Genetic polymorphisms in AHR further modify its function. Certain AHR variants alter its ability to bind ligands or regulate downstream signaling pathways, contributing to differences in how AA men respond to environmental carcinogens and how their prostate cancer progresses [15-16]. This genetic-environmental interaction is a key factor driving the more aggressive nature of prostate cancer observed in AA, leading to poorer clinical outcomes [17].
In contrast, Caucasian populations generally exhibit lower levels of AHR expression, which correlates with slower disease progression and a better response to treatments like ADT. Understanding these population-based differences in receptor activity is crucial for tailoring targeted therapies that consider both genetic and environmental factors.
AR signaling and ethnic disparities
The AR signaling pathway plays an essential role in prostate cancer, and significant differences in AR activity have been documented between AA and Caucasian men. AA men tend to express higher levels of AR in prostate cancer tissues, which contributes to the more aggressive nature of the disease in this population [20]. Additionally, polymorphisms in the AR gene, specifically variations in CAG repeat lengths, significantly impact AR activity [21].
Shorter CAG repeats in the AR gene, which are more common in AA men, are associated with increased AR transactivation potential. This leads to enhanced AR signaling, promoting tumor growth and treatment resistance [22-23]. The combination of shorter CAG repeats and higher baseline AR activity contributes to the aggressive progression of prostate cancer in AAs, resulting in increased resistance to ADT [24].
Furthermore, the interaction between AHR and AR signaling creates a synergistic effect in AA patients, enhancing tumor aggressiveness.
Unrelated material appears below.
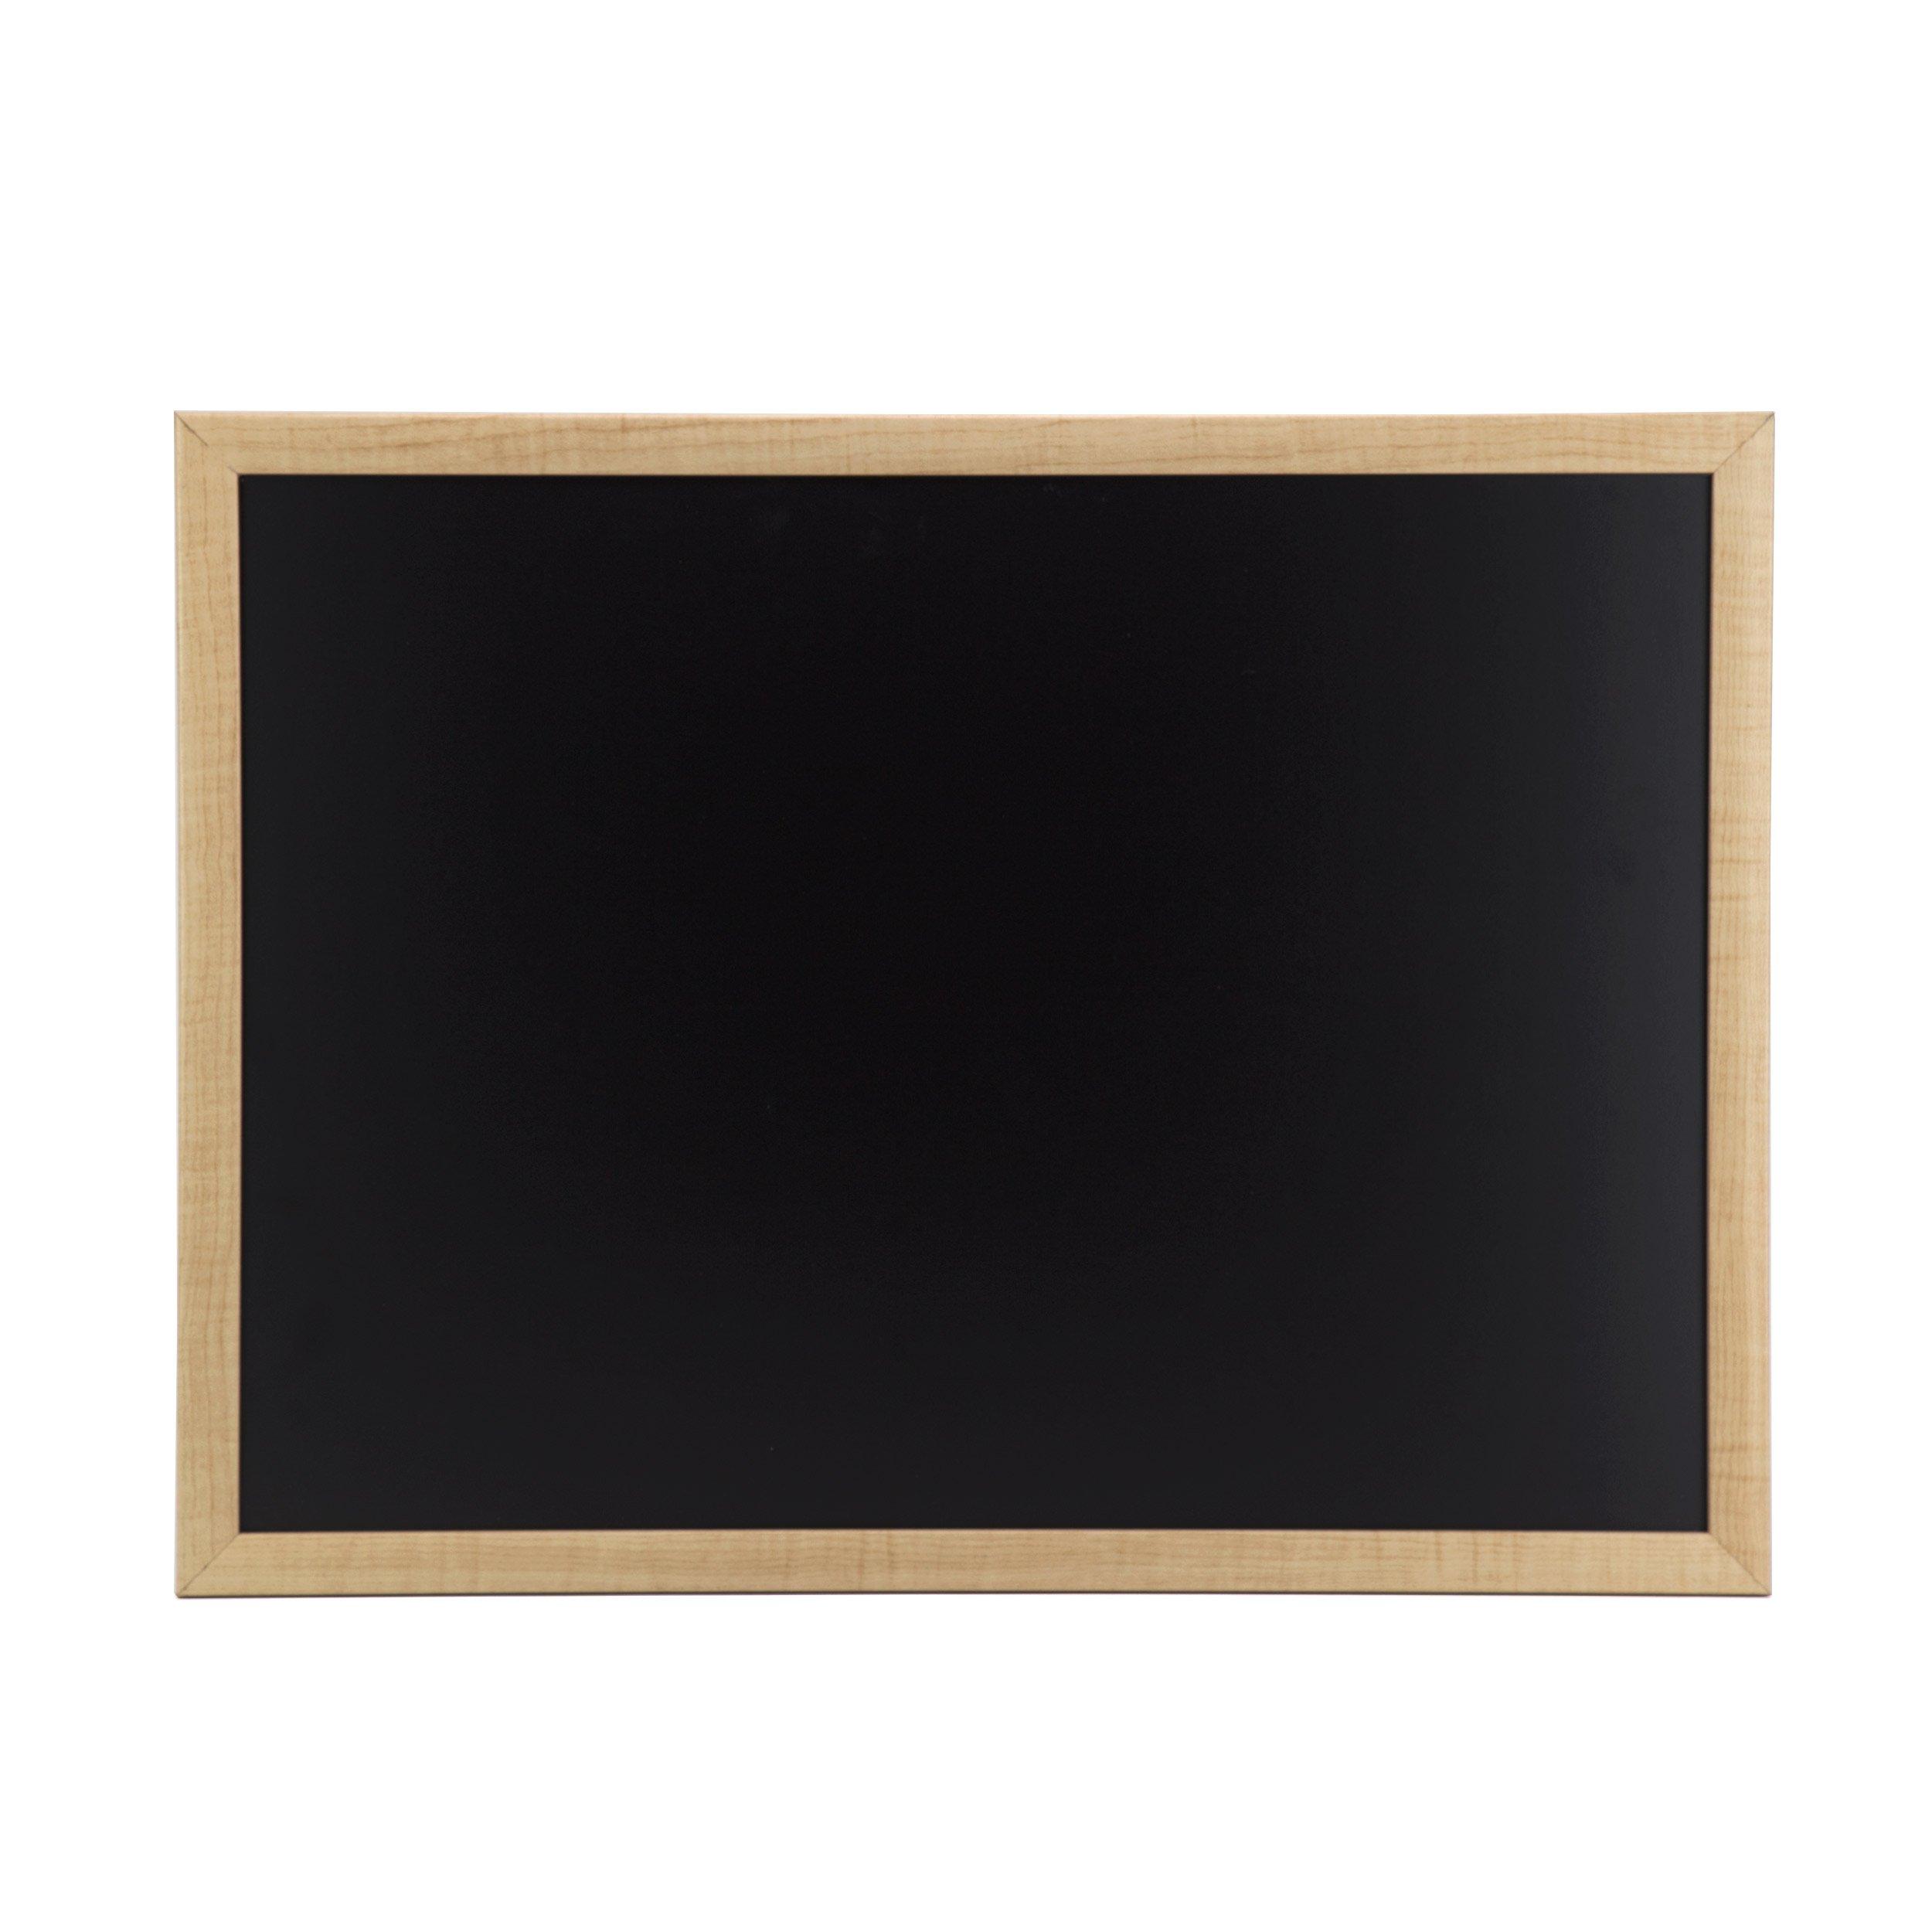 U Brands Chalkboard, 17 x 23 Inches, Oak Frame (310U00-01) by U Brands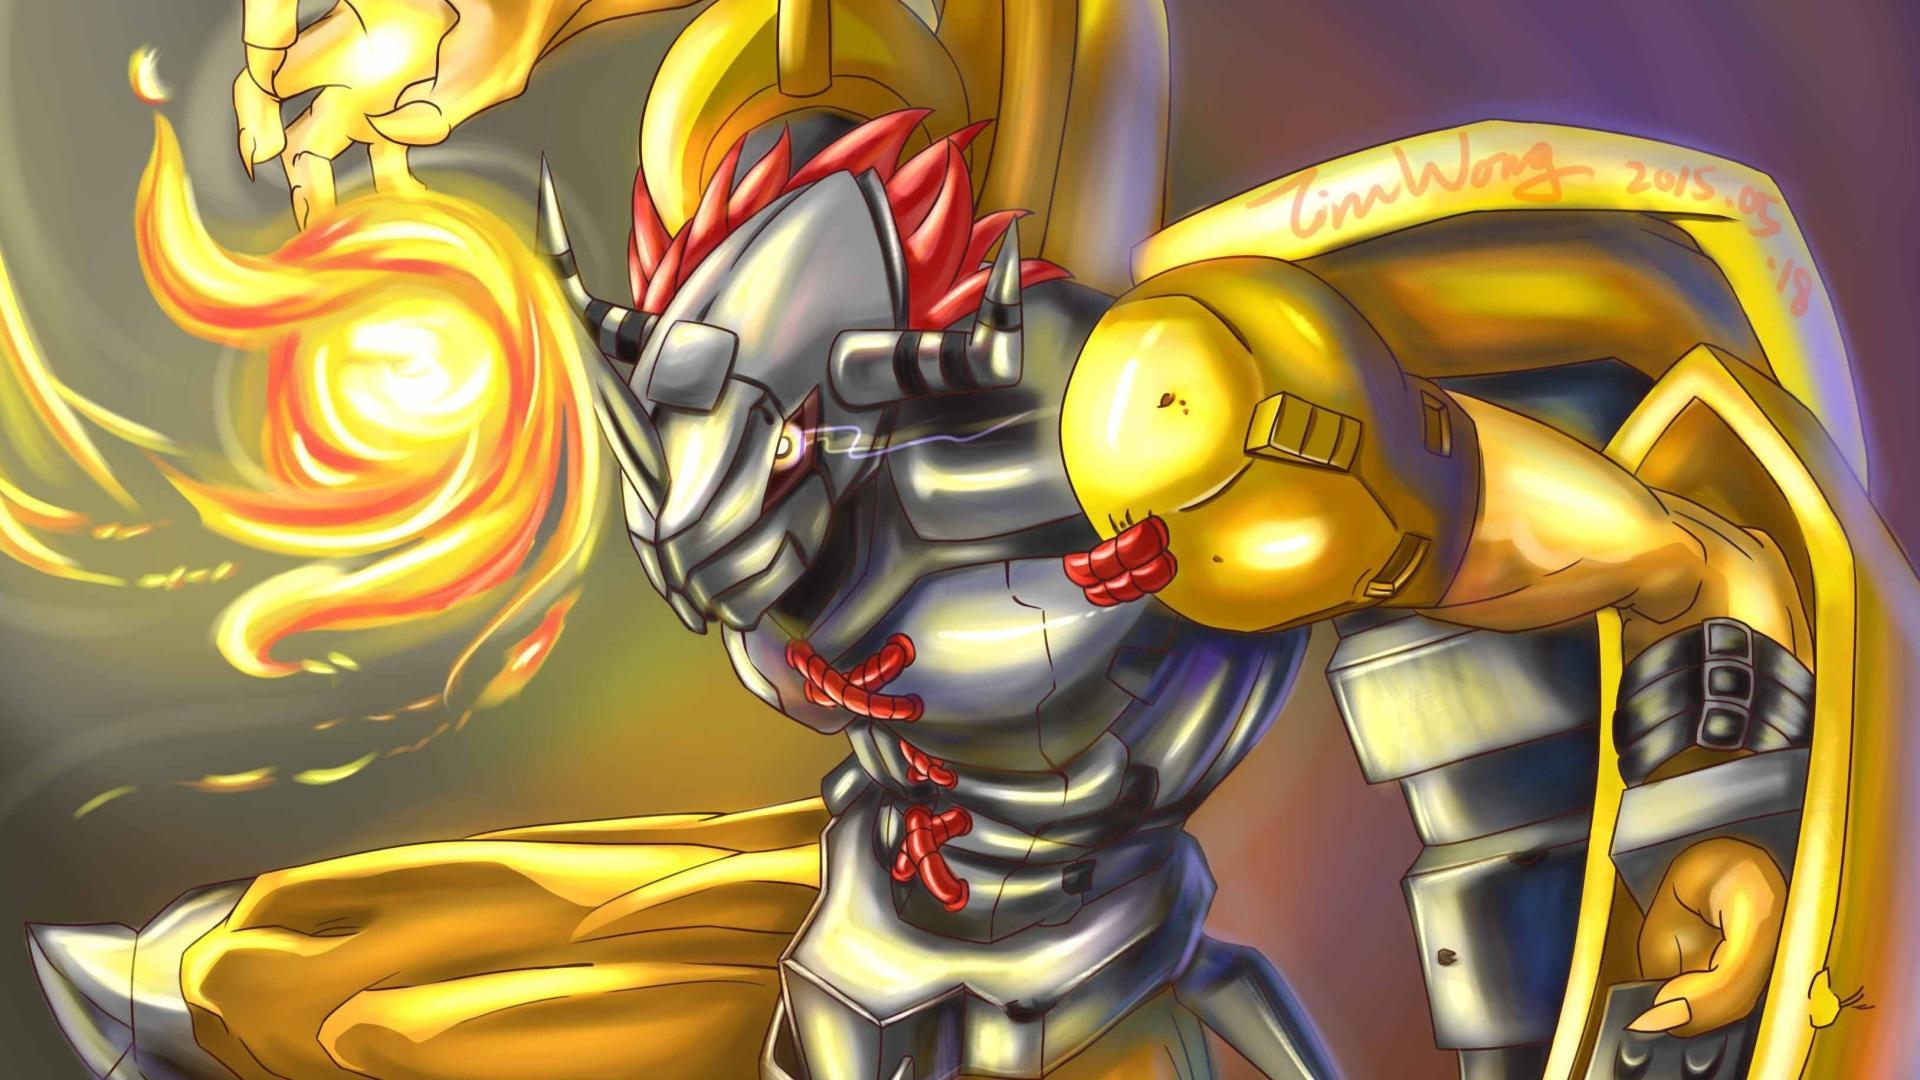 """数码宝贝: 战斗暴龙兽是""""恐龙克星"""",钢铁加鲁鲁却沦为""""钢铁哈士奇"""",这公平吗"""

AHR upregulates AR target genes that are involved in tumor proliferation, further complicating treatment strategies [25]. This suggests that AA men may benefit less from AR-targeted therapies, like ADT, compared to Caucasian men, necessitating alternative treatment approaches.
Comparative analysis of AA and Caucasian populations
Caucasian men generally exhibit longer CAG repeats in the AR gene, leading to lower AR transactivation potential and a less aggressive cancer phenotype. These genetic differences, along with lower levels of AHR expression, suggest that Caucasian men respond better to ADT and experience slower disease progression. In contrast, AA men not only face genetic predispositions (e.g., shorter CAG repeats in AR and higher AHR expression) but also experience higher environmental exposure to carcinogens, which together lead to poorer outcomes. These disparities highlight the need for ethnically tailored therapeutic strategies that take into account both genetic makeup and environmental risks.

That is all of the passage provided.